As for the last case, there has been scant coverage of the Walsh story despite the fact that “a sitting senator who has won his party’s nomination withdrawing from contention before the general election” is “extremely unusual,” as the Washington Post puts it. It is also despite the fact — or, critics might say, because of the fact — that the story could influence the fierce battle being waged for control of the Senate.

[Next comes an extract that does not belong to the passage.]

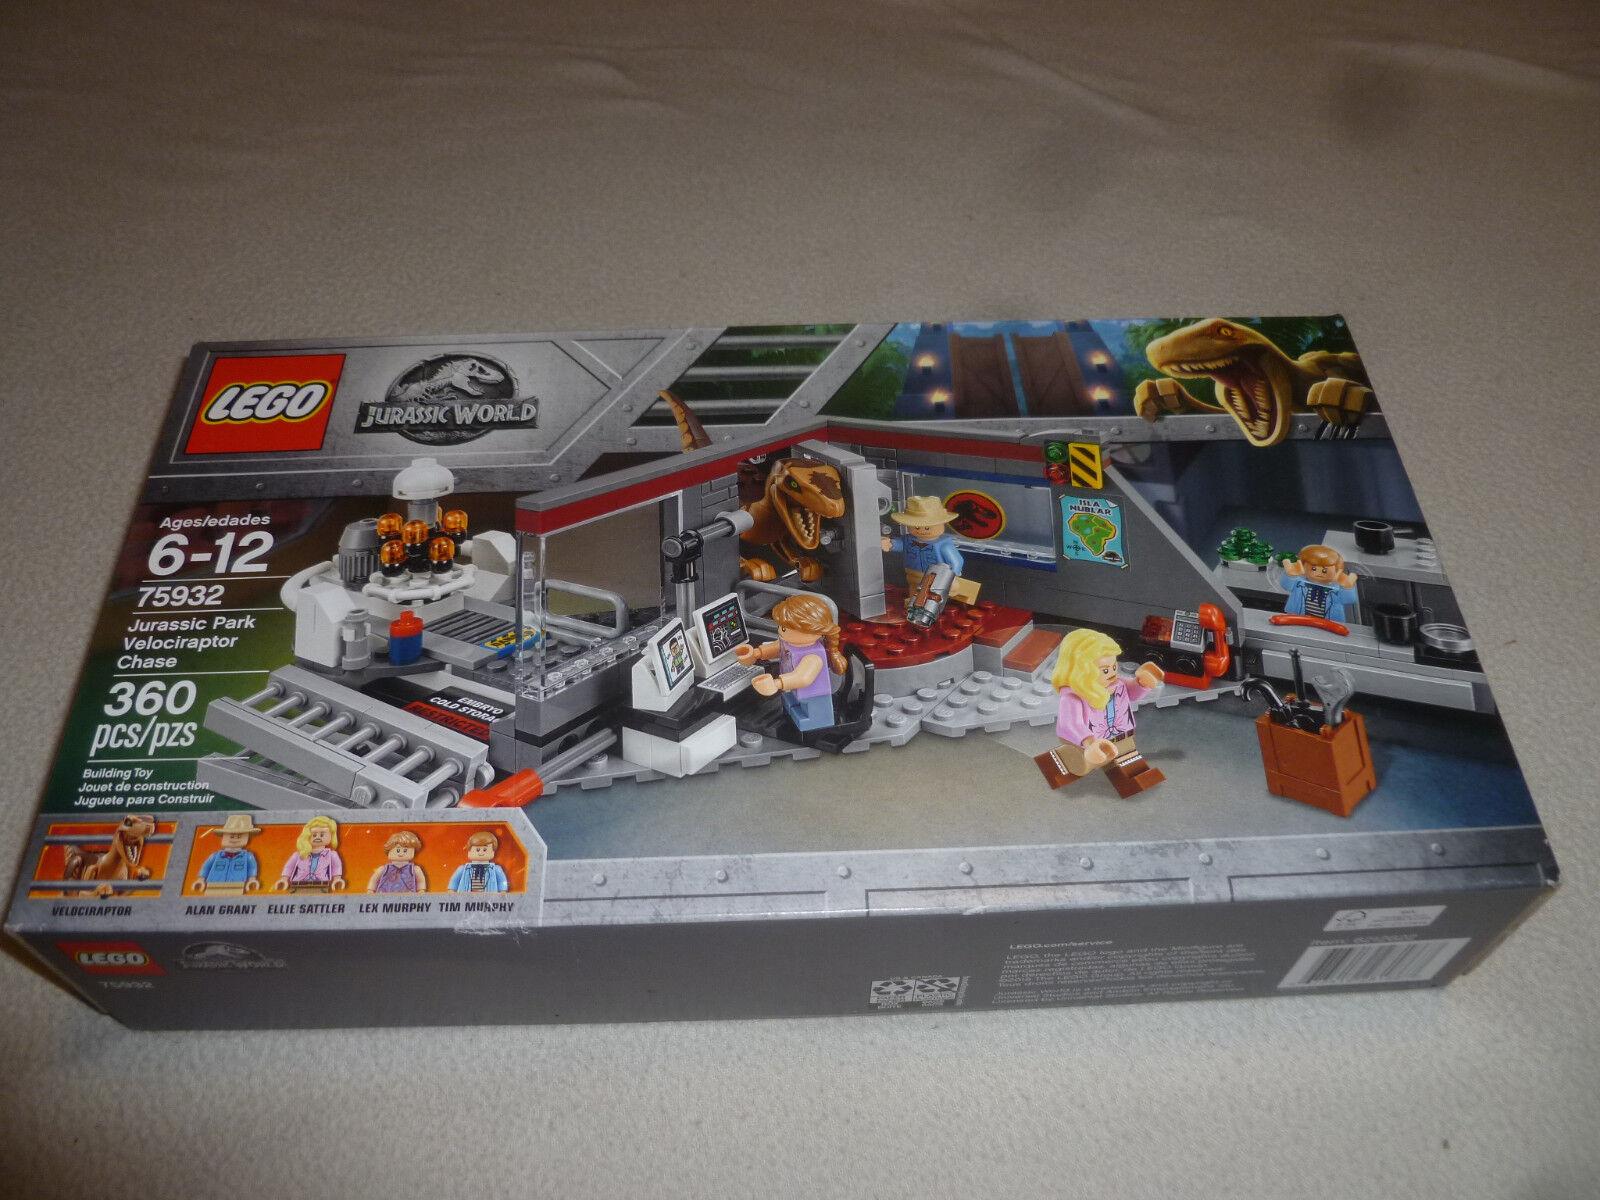 NEW NEW NEW IN BOX LEGO JURASSIC WORLD SET 75932 PARK VELOCIRAPTOR CHASE NIB ALAN GRANT 1ec67d

But conservatives will lament that this is par for the course. When Mitt Romney said in a leaked 2012 fund-raising-event video that he wasn’t going to “worry” about swaying the “47 percent of the people who will vote for the president no matter what” because they “believe the government has a responsibility to care for them,” the media covered the story relentlessly and used the comments to typify the Romney camp as insensitive and out of touch. But when Barack Obama said during the same campaign that people in Middle America have gotten “bitter and they cling to guns or religion or to antipathy toward people who aren’t like them as a way to explain their frustrations,” it was left in that haystack of blogs forgotten.

So, critics might say, is it any surprise that our elections yield the politicians and policies they do? The media is our conduit of information. And garbage in, garbage out.